Ragu-ragu aku menekan dan menempelkan layar ponsel di daun telingaku.
("Lo itu di mana?!")
Suara Jose memekik telingaku, hingga jemariku langsung menjauhkan ponsel dari telingaku.
"Aw! Berisik amat!" dengusku dengan suara mengecil.
("Gue di kafe.")
Balasanku cukup singkat.
("Pulang atau elo dapet hukuman! Kalo nggak, gue bakal minta pengawal gue buat nyari elo. Lo pikir bisa kabur gitu aja?!")
Dalam hatiku menjawab.
'Duh, nih orang punya GPS kayaknya. Eh, iya, gue juga nggak bisa bohong. Hp kan bisa terdeteksi gue di mana?'
("Iya, gue pulang. puas?!")
("Kurang ajar ya, elo! Cepet pulang!")
Panggilannya terputus, sedangkan jemariku spontan menjauhkannya dari telingaku. Aku menggerutu, bibirku jadi mencibir aneh. "Kok dia tahu gue pergi? Jangan-jangan dia ada di rumah lagi!"
"Hah!"
Aku beranjak cepat tanpa harus diperintah. Aku tidak ingin melanggar yang ada di dalam surat perjanjian itu.
[Jika istri meninggalkan rumah tanpa izin suami, maka istri wajib menuruti semua keinginan suami dan melayaninya secara penuh. Plus denda satu juta jika dia tidak kembali sebelum sore.]
"Walah!!" Mulutku menganga lebar, kakiku langsung melangkah cepat meninggalkan meja kemudian membayar ke kasir dengan lembaran uang kertas.
Si kasir memberikan kembali kembalian karena wajahku terburu-buru. Langsung saja aku pulang dan keluar mencari sebuah taksi. Beruntung, satu taksi kulambai dan akhirnya berhenti. Aku langsung duduk dan mencemaskan diriku sendiri.
"Gue nggak mau nurutin keinginannya. Gue juga nggak mau bayar denda!"
"Cepet-cepet!!" gusarku sambil mengusap telapak tangan.

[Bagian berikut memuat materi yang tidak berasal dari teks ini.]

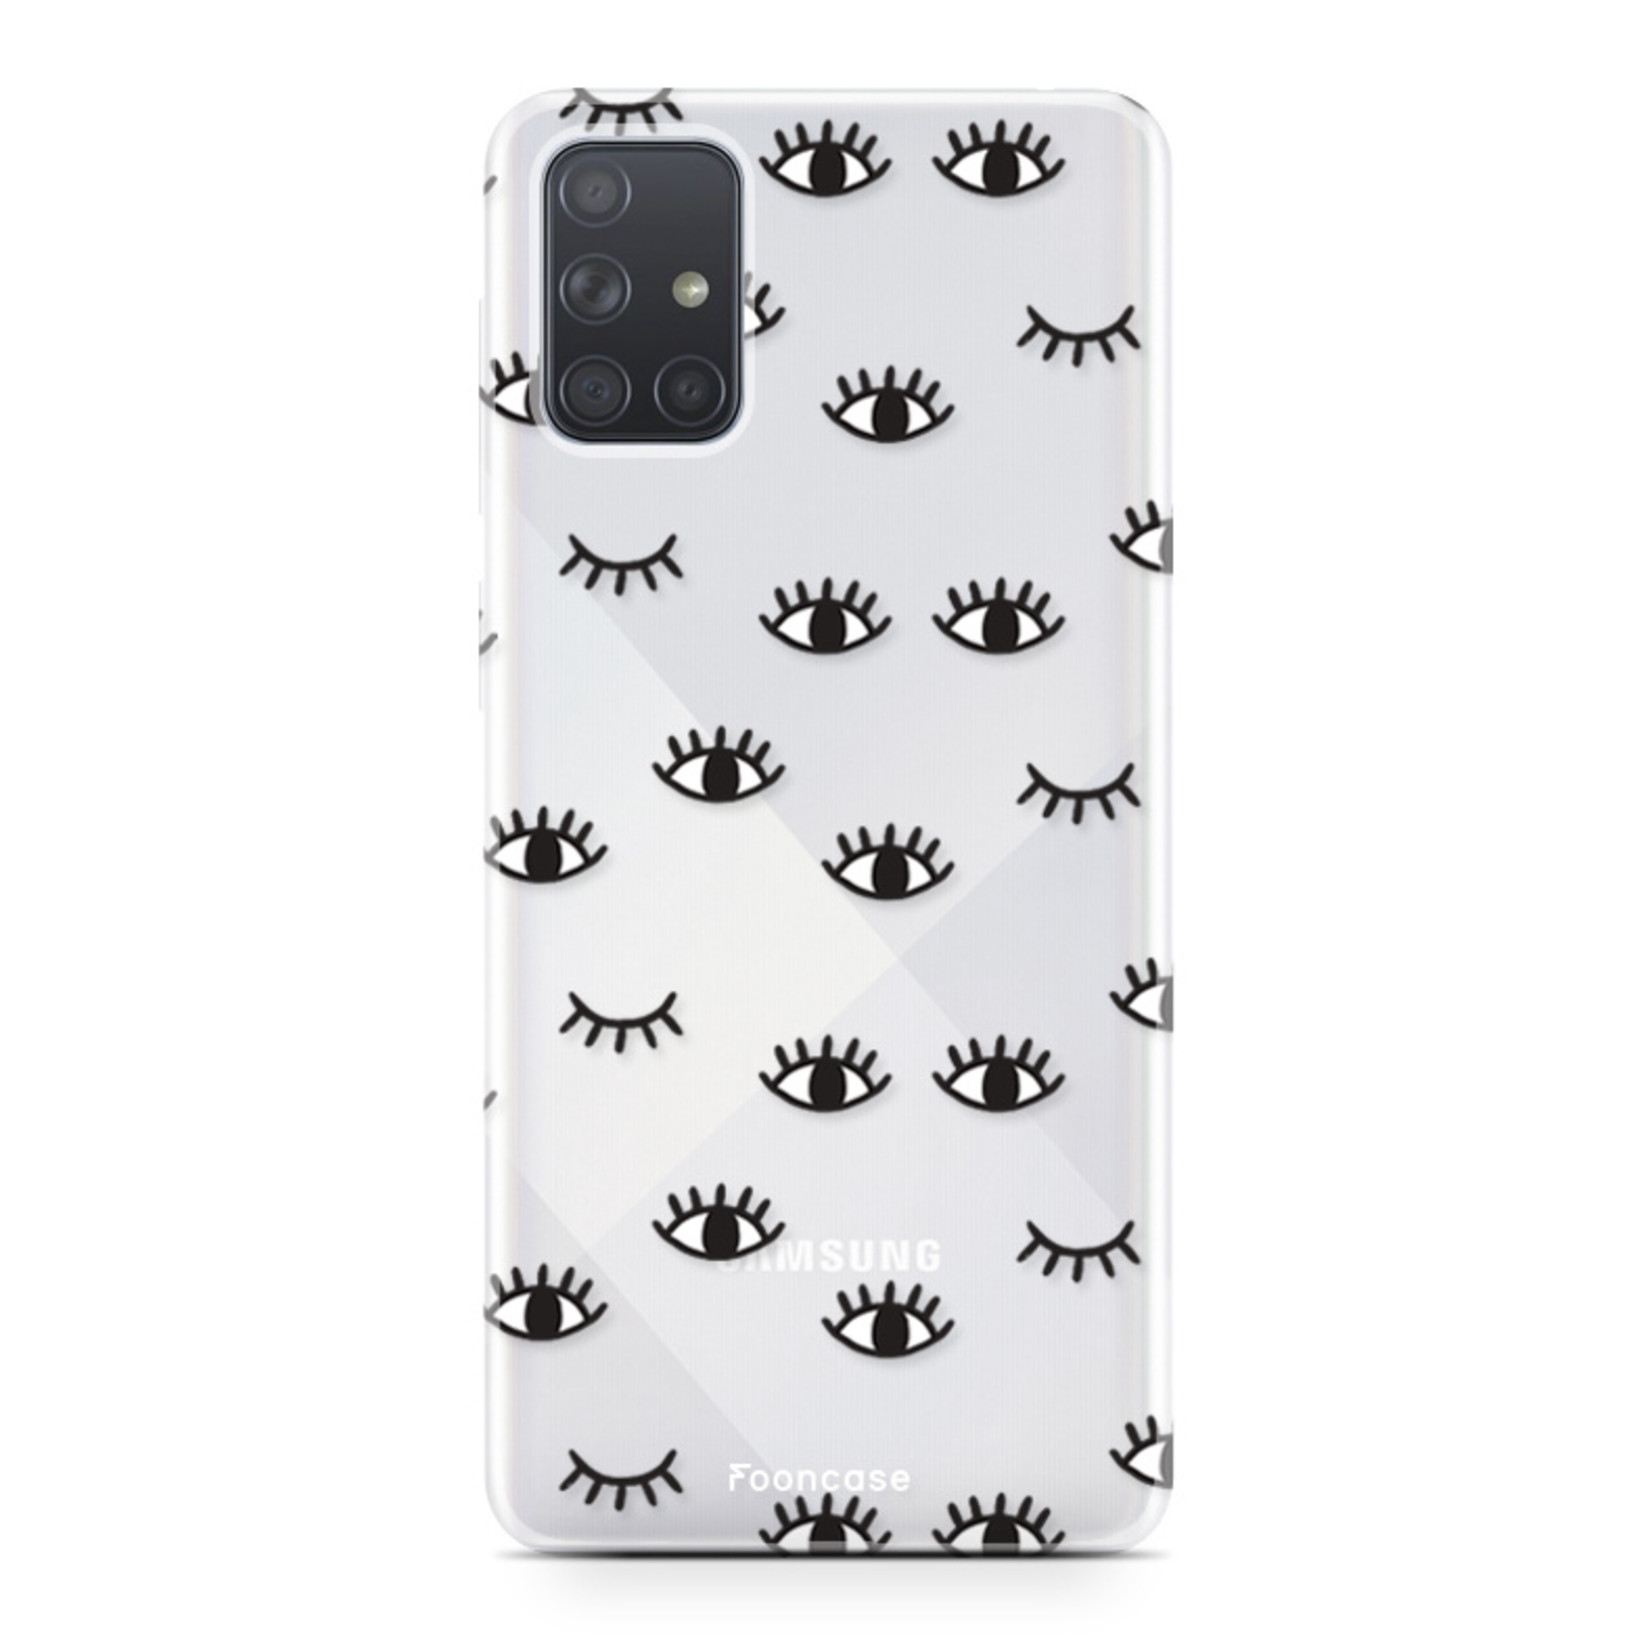 Samsung Galaxy A71 hoesje TPU Soft Case - Back Cover - Eyes / Ogen

Taksi membawaku ke alamat baru. Mataku terjaga awas ke segala halaman. Namun, tidak ada tanda-tanda setelah aku turun dari taksi. Akhirnya aku menghela napas panjang yang ternyata Jose tidak ke sini. Langkahku santai dan melupakan cemas yang sempat membara.

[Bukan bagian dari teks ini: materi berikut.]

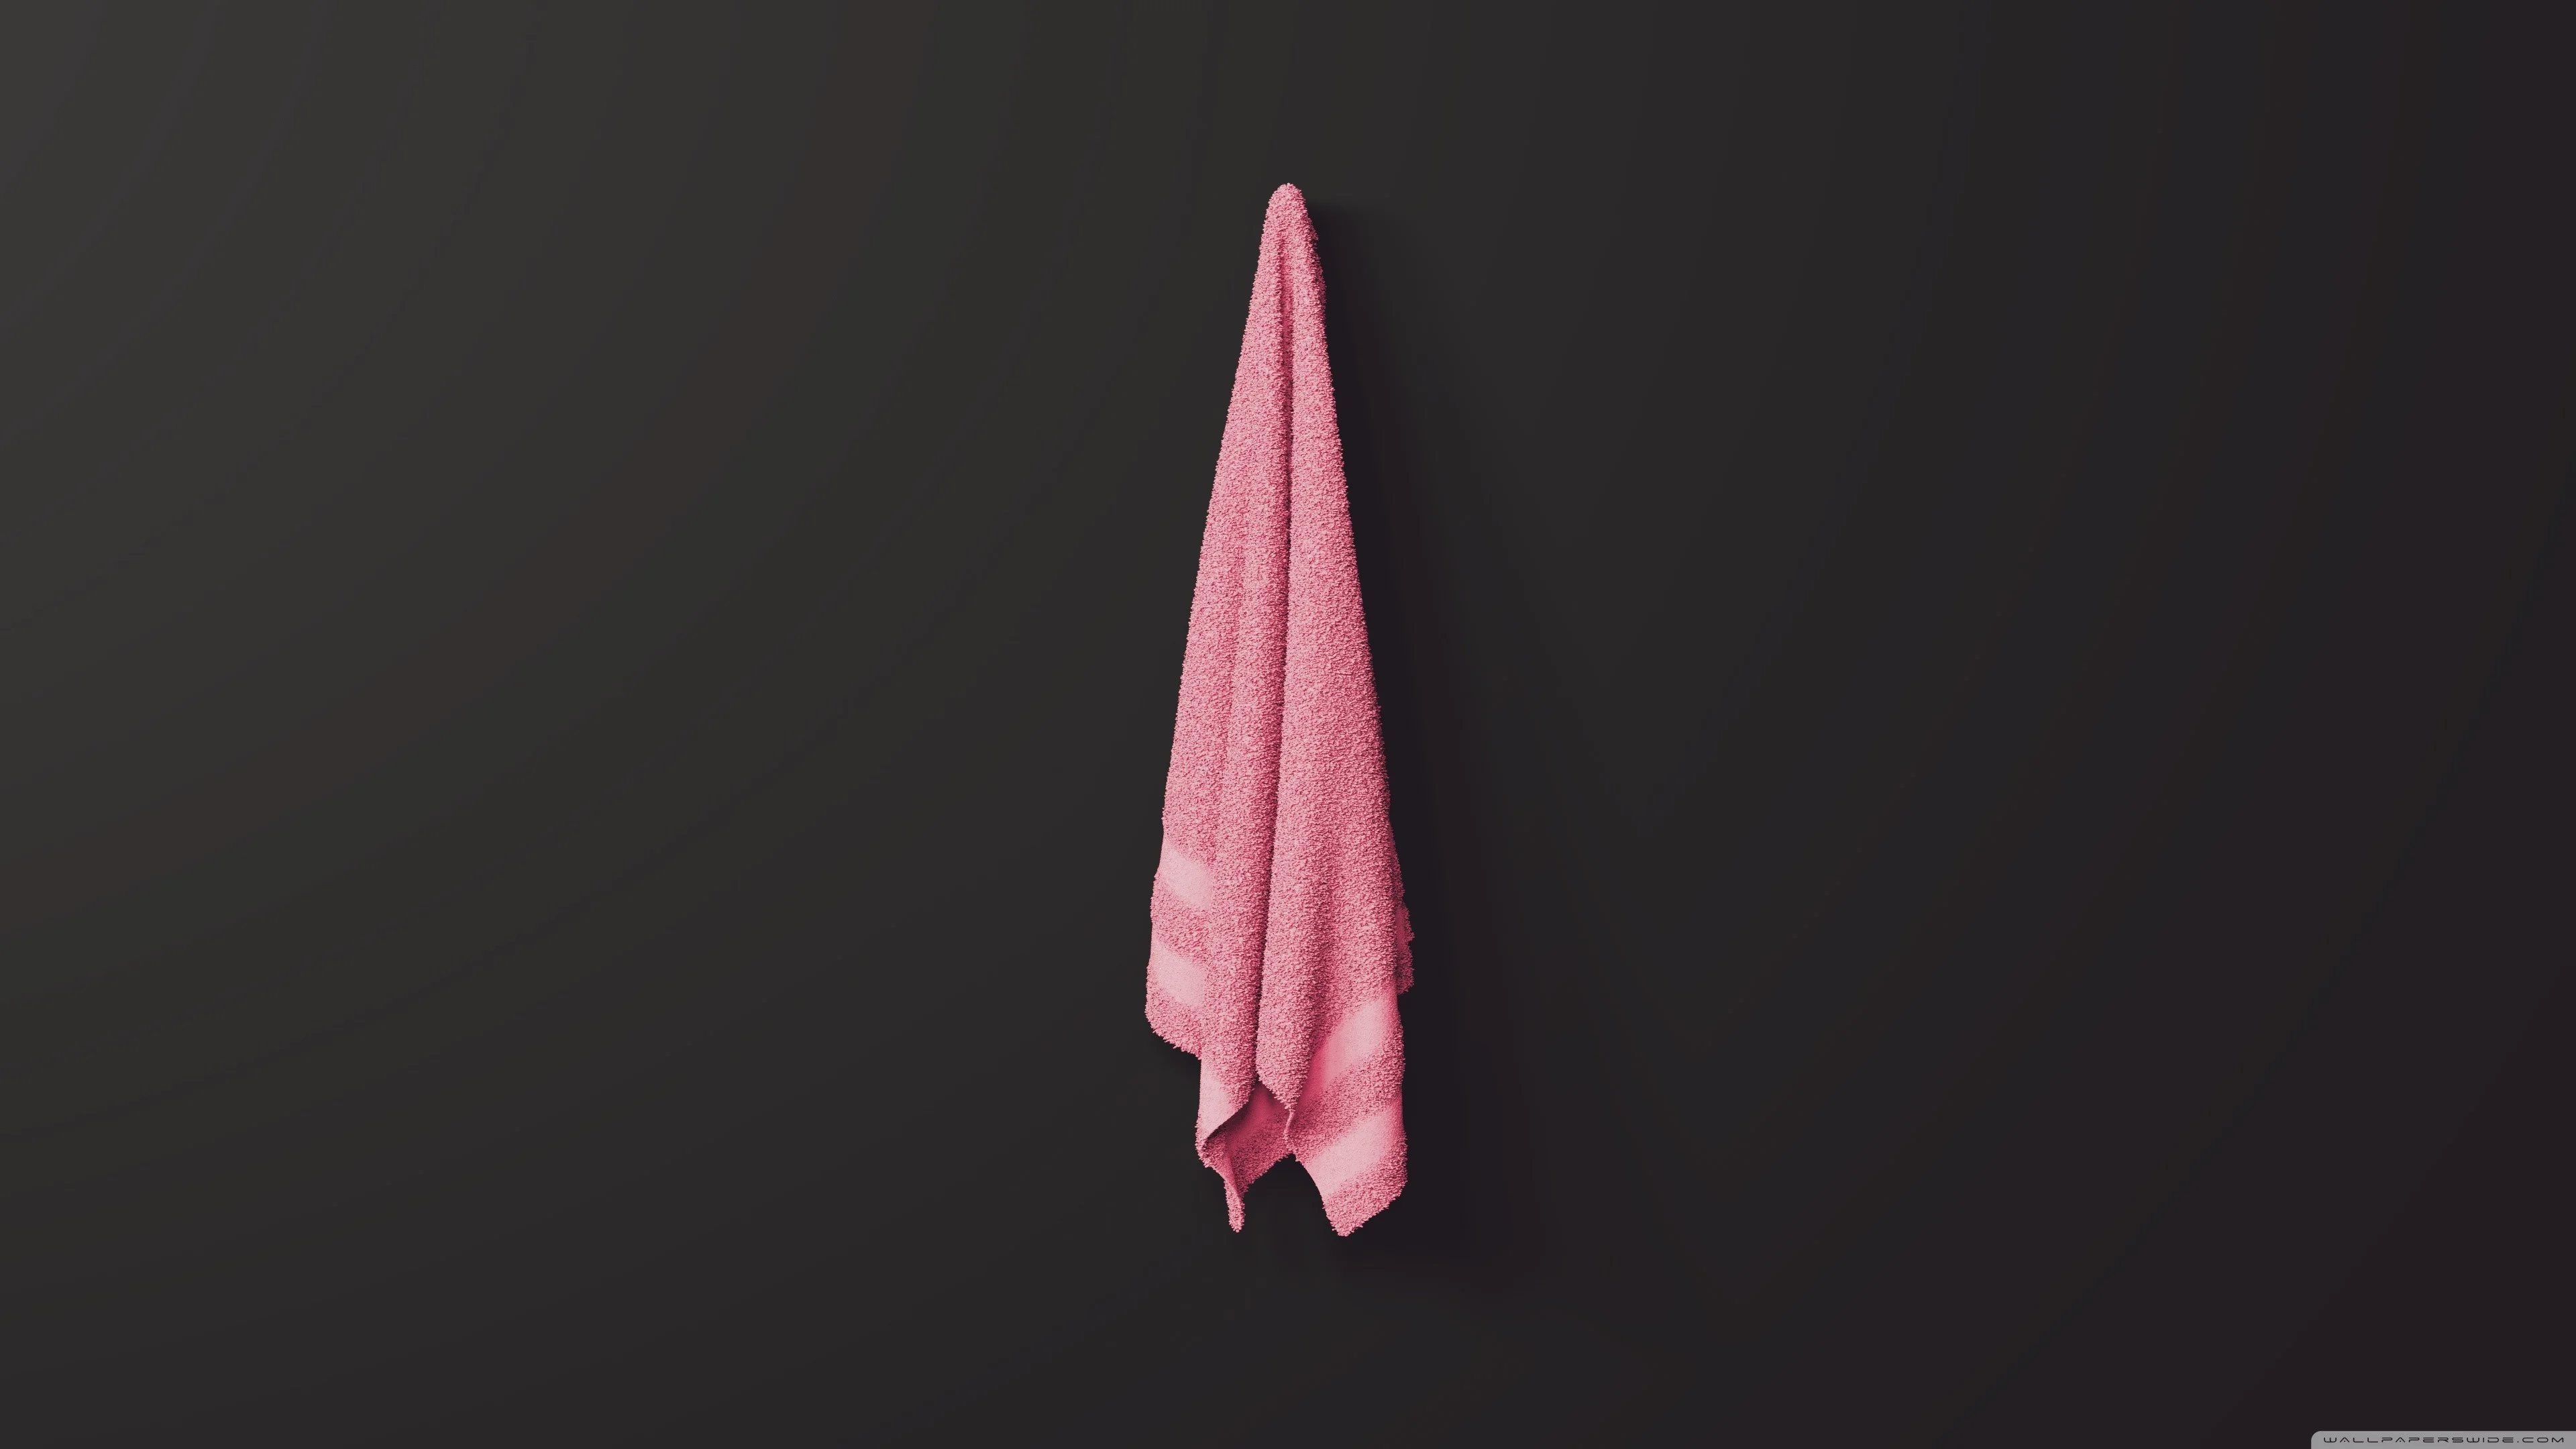 Minimal Towel Red 4K HD Wide Wallpaper for Widescreen

Melewati pintu gerbang, halaman, dan kemudian membuka pintu.
Krek!
"Lho? Kok nggak dikunci?"
Pintu itu terbuka, aku malah tercengang melihat pintu ini terbuka lebar tanpa terkunci.

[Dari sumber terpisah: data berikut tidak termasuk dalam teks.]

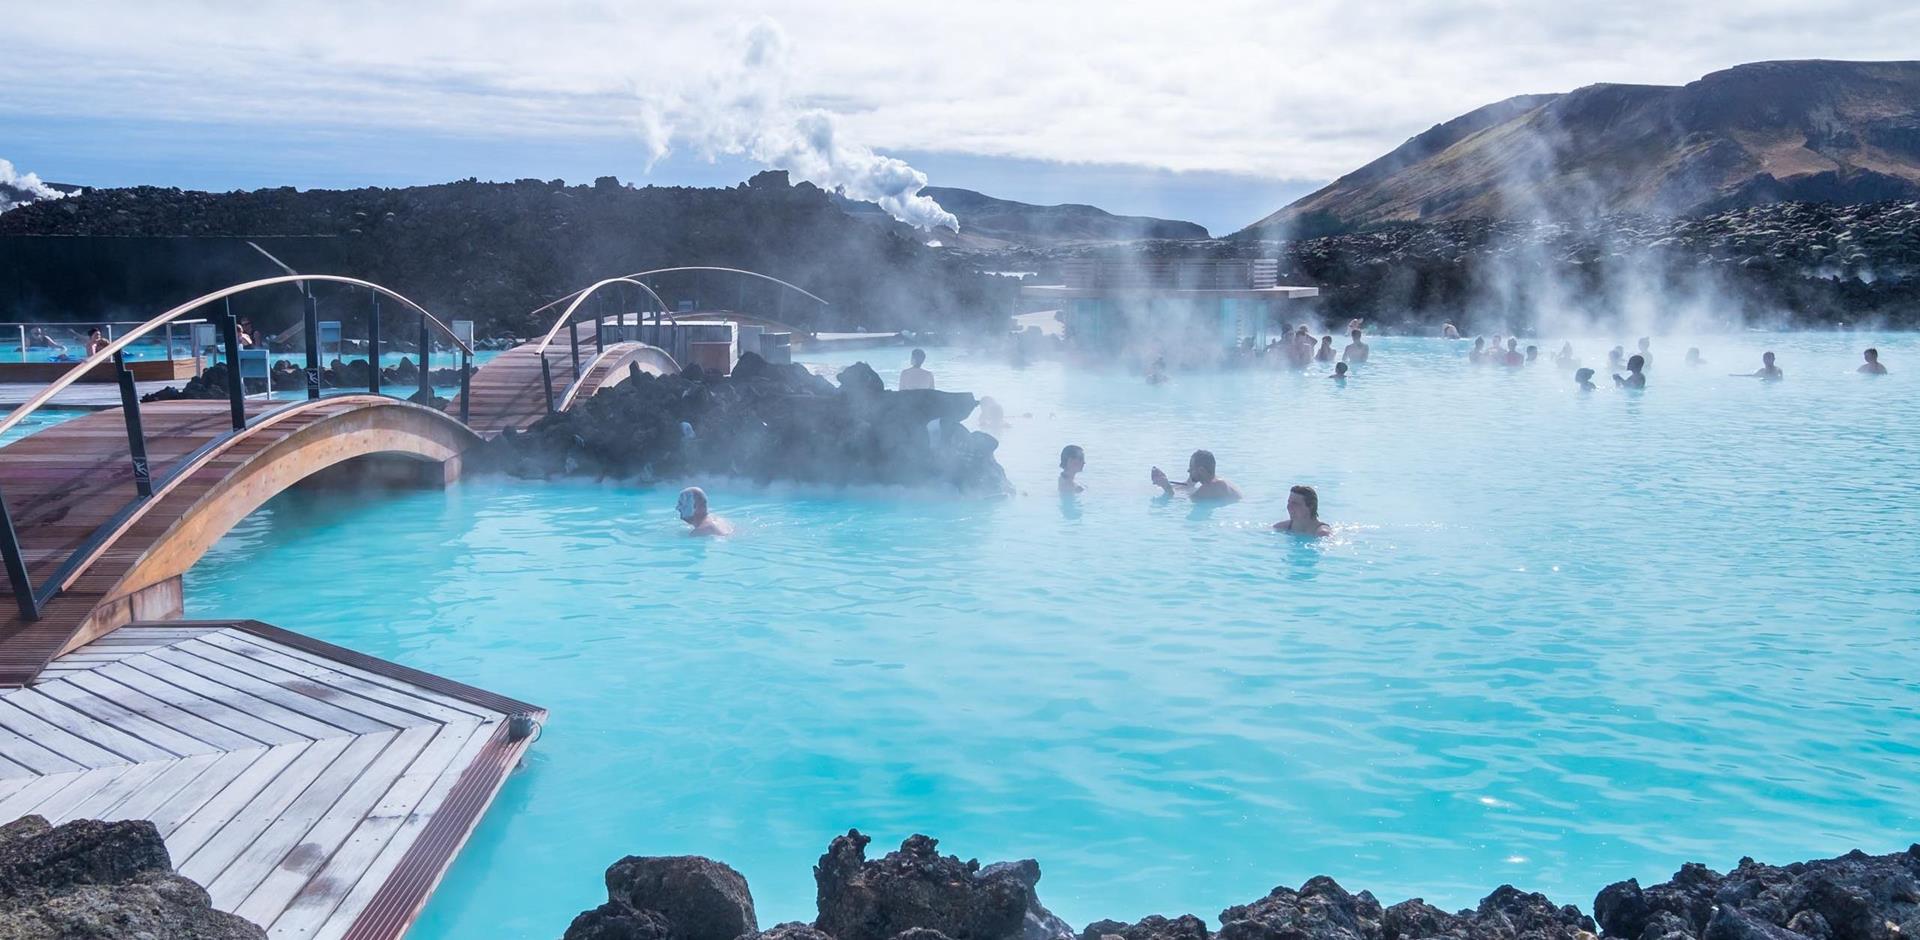 Icelands hot springs

"Padahal gue tadi udah kunci, kenapa malah bisa dibuka?" Kepalaku secara perlahan menyelinap untuk mengintip ruangan.
Sepertinya aman, kemudian kakiku mulai menjejaki lantai pertama dan masuk ke dalam ruang tengah. Kakiku maju, dan masih mendapati koper di tengah ruangan. Di salah satu anak tangga menuju dapur, aku jadi lega.
"Huuufft … akhirnya dia nggak dateng!"
"Siapa bilang dia nggak dateng?"
DEG!
Suara itu ada di balik sebelah kanan, lalu kepalaku memutar lalu membelalak tegang.
"Aaahh!!"
Jose menyender sambil bersedekap tangan di depan pintu kamar mandi bawah. Tepat di balik sekat menuju ruang dapur. Dia tersenyum sinis sambil memiringkan kepalanya.